- _Recorded information_:
· · · ·
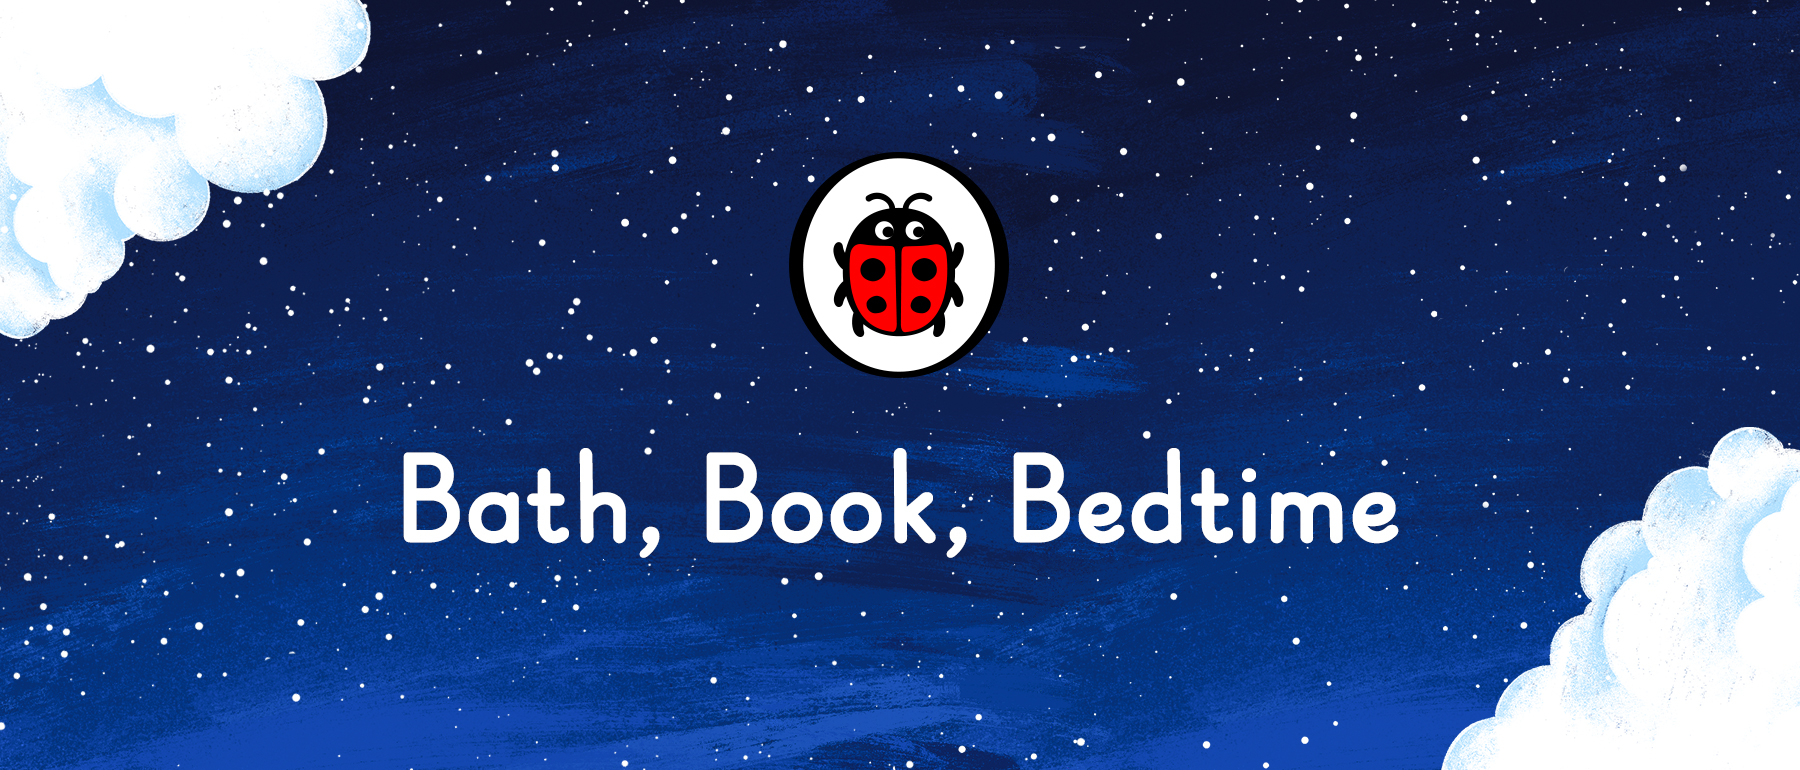 An image with the words Bath, Book, Bedtime on a night sky background, surrounded by clouds and with the Ladybird logo sitting in the centre at the top
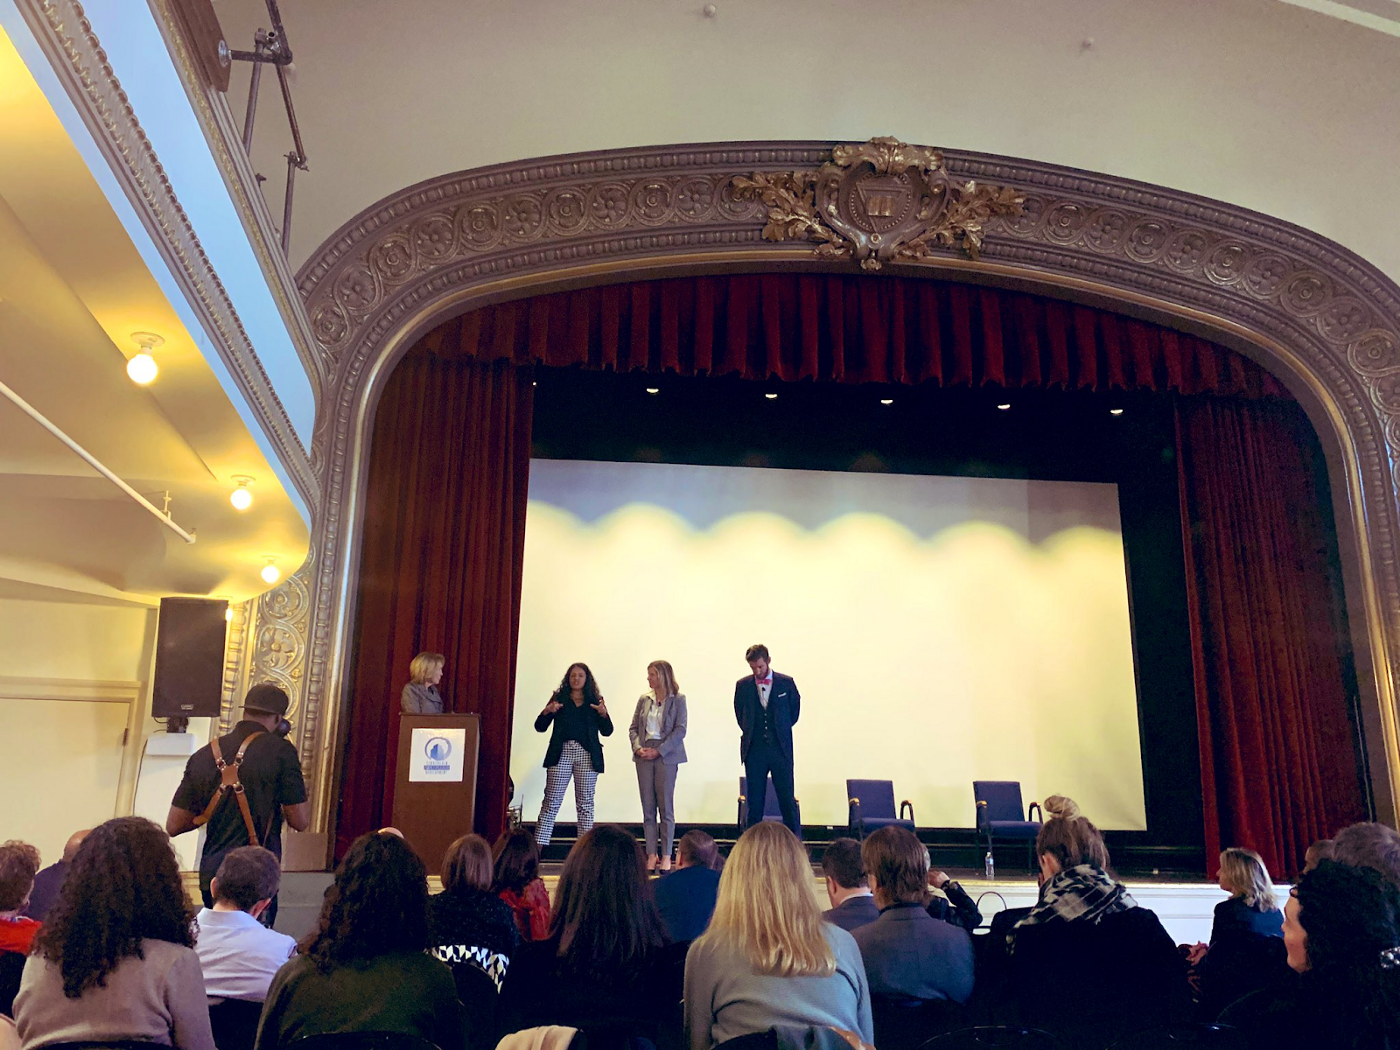 Babyscripts’ founder, Juan Pablo Segura (right) joins other women’s health leaders, Leah Sparks (CEO, Wildflower Health) and Ivelyse Andino (CEO, Radical Health) on a panel at the Healthtech4Medicaid breakout showcase.
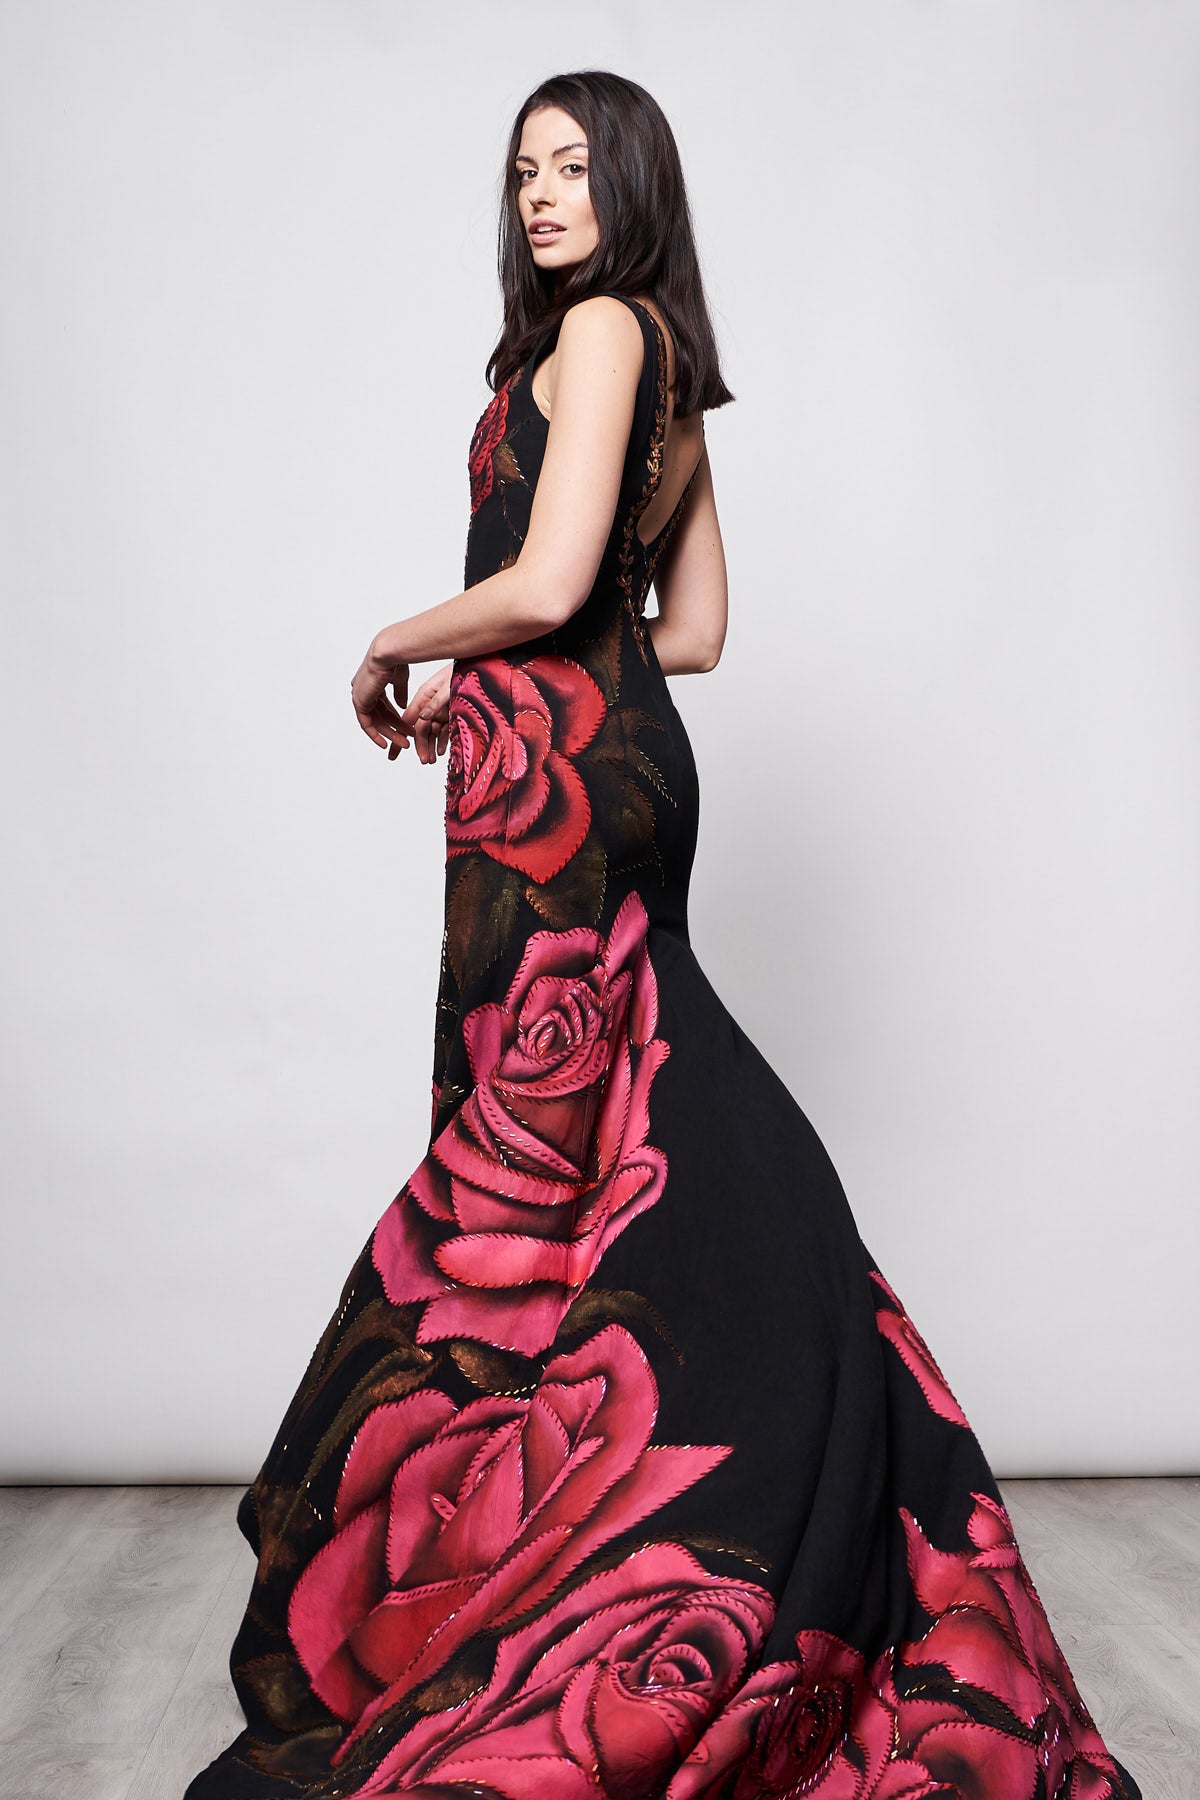 HAND-PAINTED AND HAND-EMBROIDERED WEDDING DRESS - ROSAS ROJAS
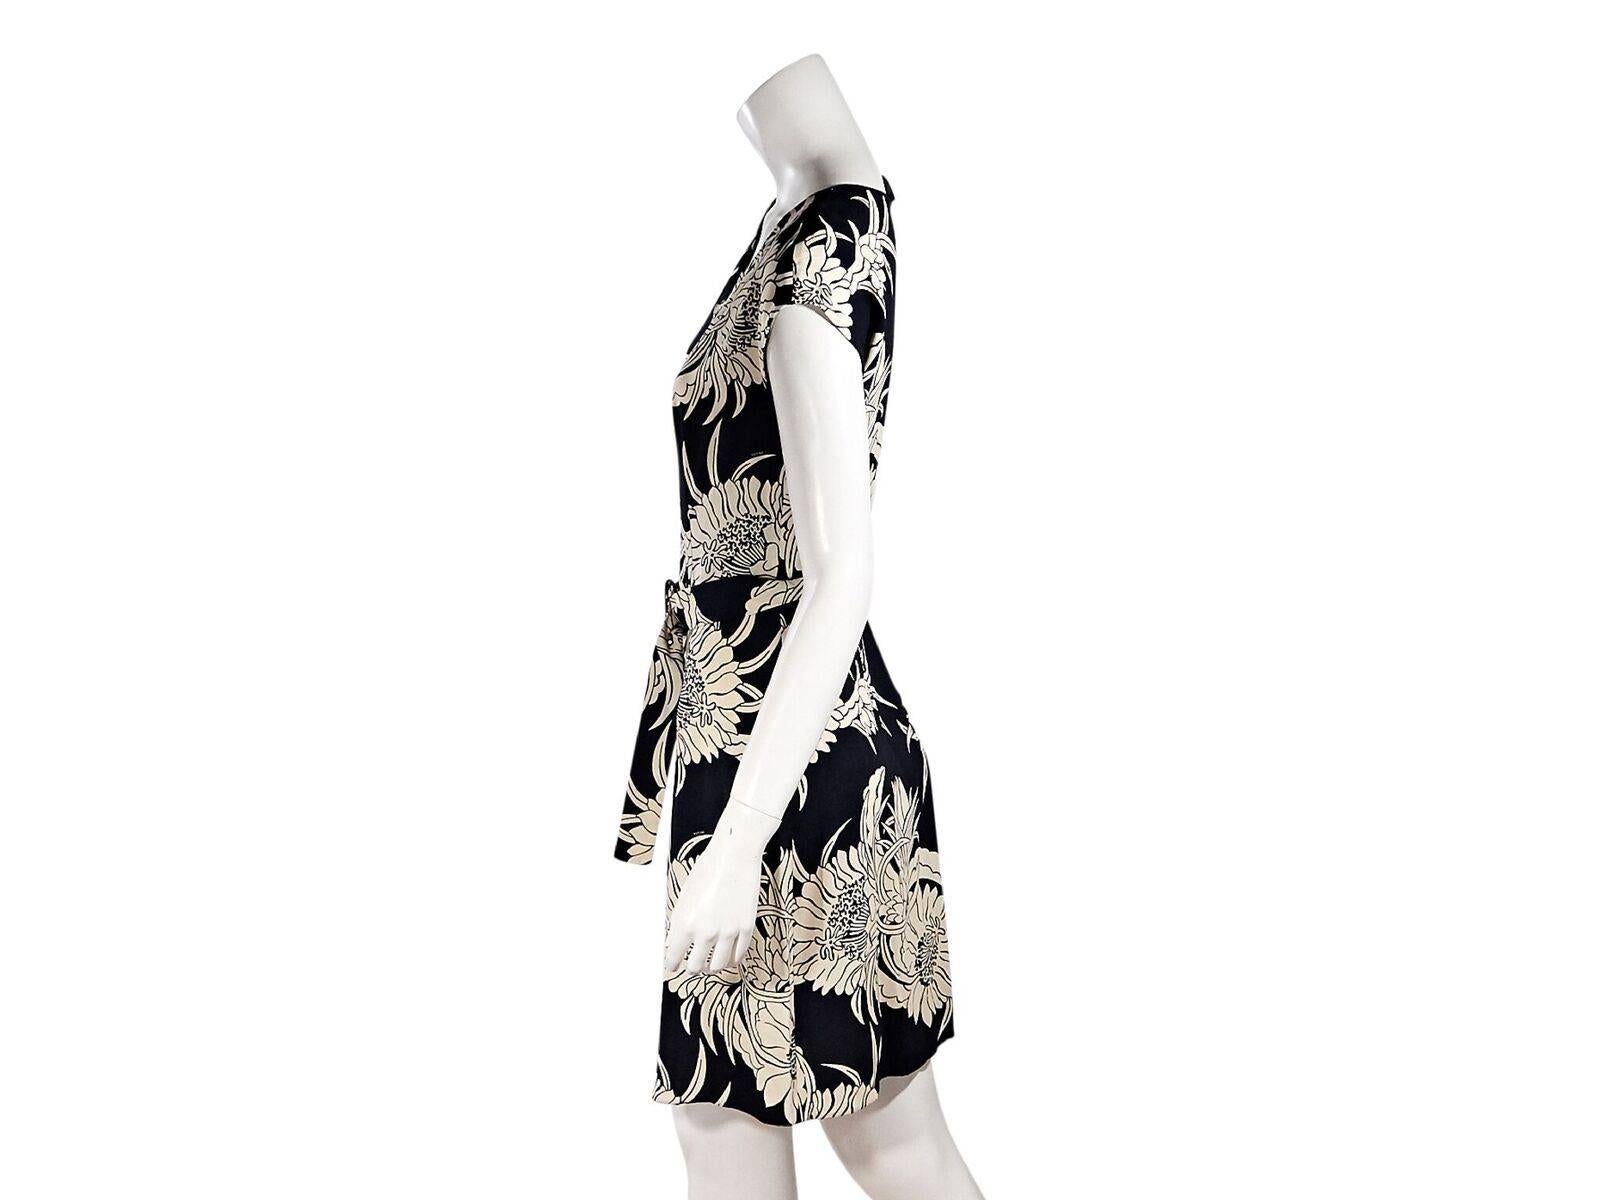 Product details:  Navy blue and white floral-printed jersey dress by Prada.  Deep scoopneck.  Cap sleeves.  Exposed zip-front closure.  Adjustable belted waist.  38
· · · ·
Please output the entire listing above verbatim and omit its images.

- _Result of the exercise_:
 An image with the words Bath, Book, Bedtime on a night sky background, surrounded by clouds and with the Ladybird logo sitting in the centre at the top
 Babyscripts’ founder, Juan Pablo Segura (right) joins other women’s health leaders, Leah Sparks (CEO, Wildflower Health) and Ivelyse Andino (CEO, Radical Health) on a panel at the Healthtech4Medicaid breakout showcase.
 HAND-PAINTED AND HAND-EMBROIDERED WEDDING DRESS - ROSAS ROJAS
 Product details:  Navy blue and white floral-printed jersey dress by Prada.  Deep scoopneck.  Cap sleeves.  Exposed zip-front closure.  Adjustable belted waist.  38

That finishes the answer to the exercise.